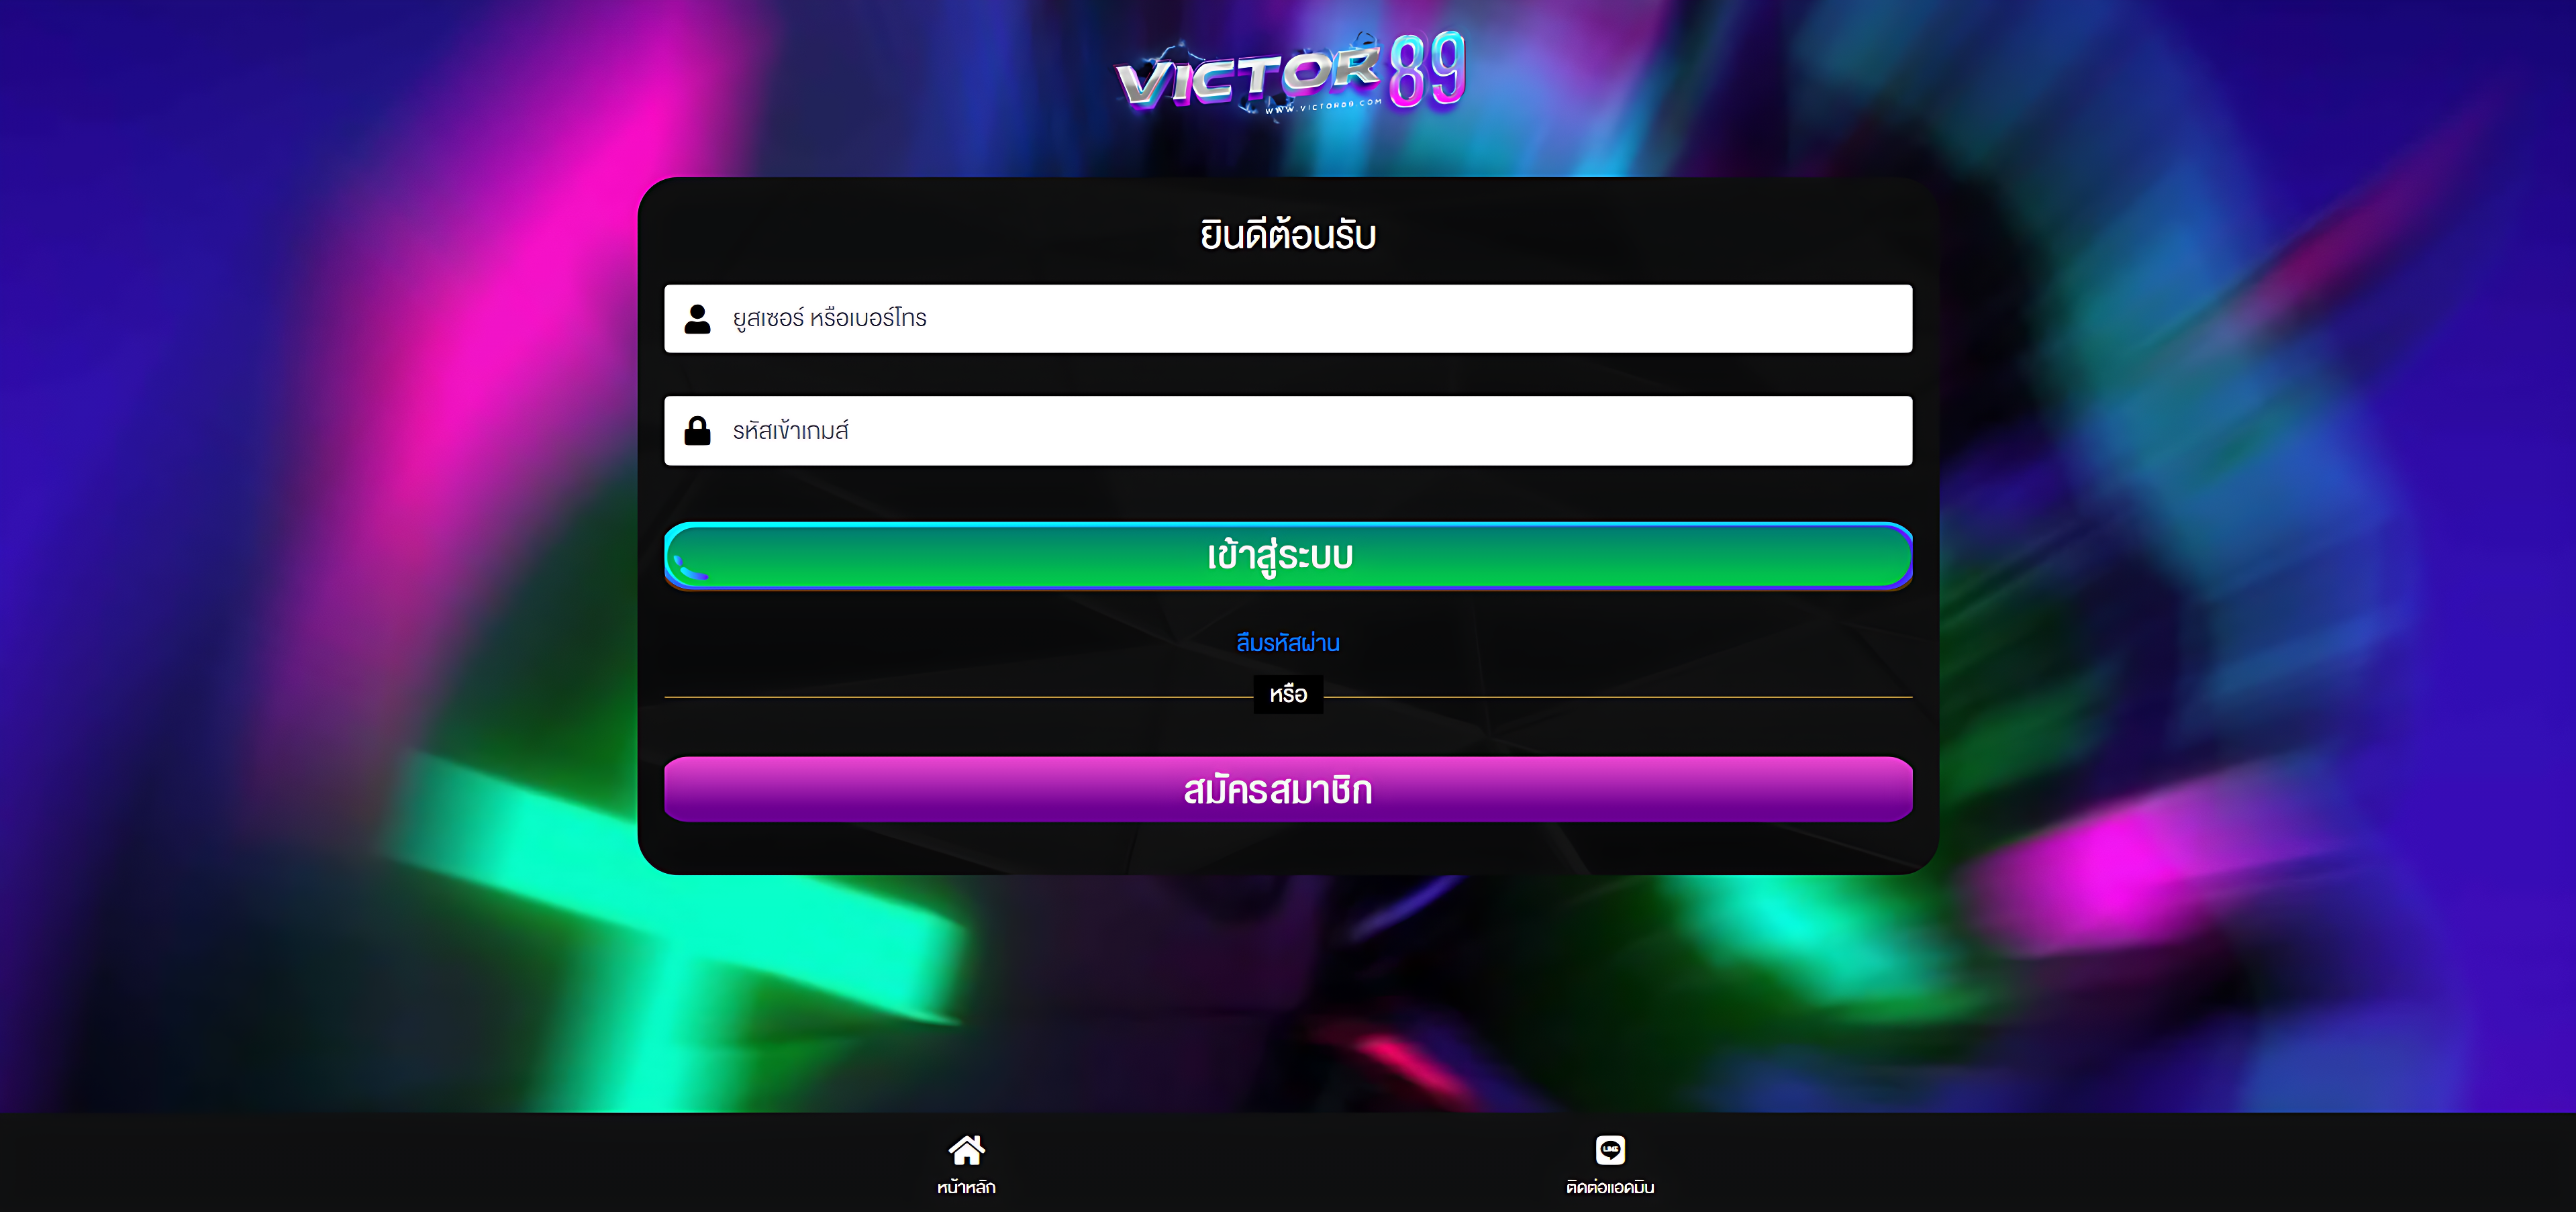 victor89
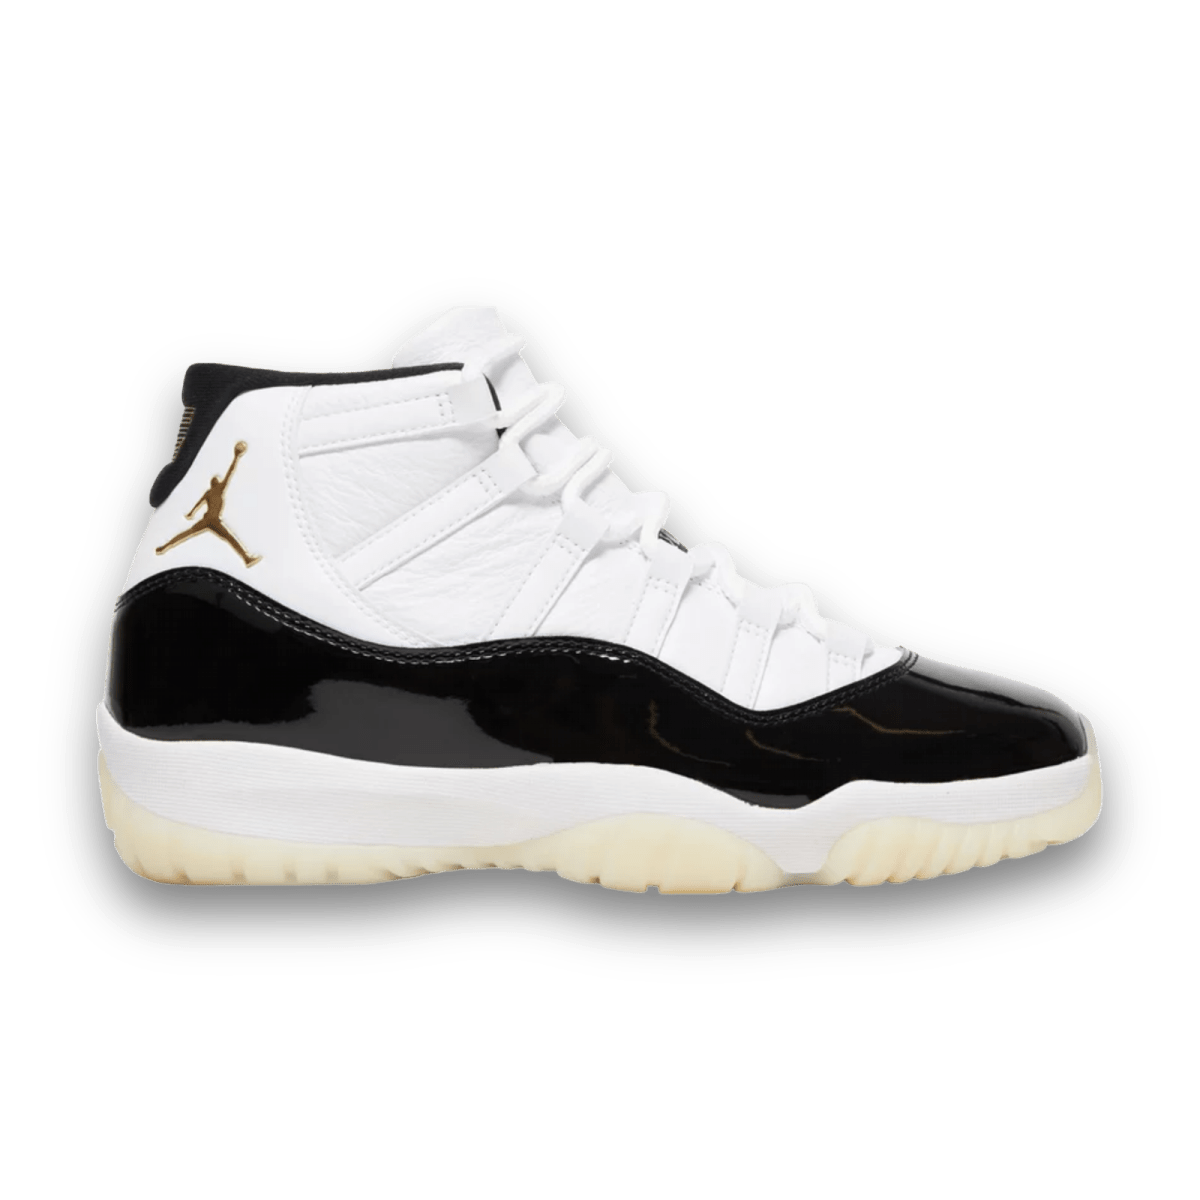 Air Jordan 11 Retro 'Gratitude / Defining Moments' - Unreleased - sneaker - High Sneaker - Jordan - Jawns on Fire
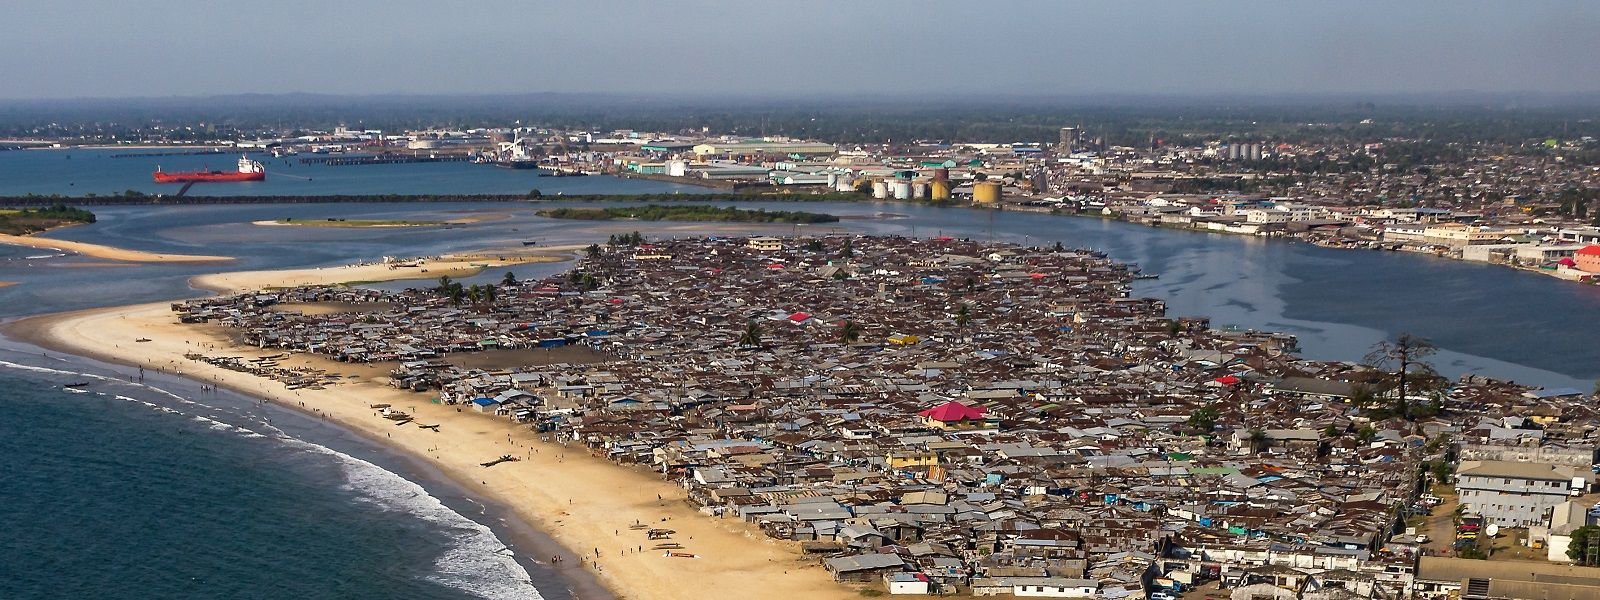 Liberia - Land im Aufbruch
+ + +
__Exercise__
Restate all of the material above word for word, excluding the pictures.

__Output for this exercise__
 victor89
 Air Jordan 11 Retro 'Gratitude / Defining Moments' - Unreleased - sneaker - High Sneaker - Jordan - Jawns on Fire
 Liberia - Land im Aufbruch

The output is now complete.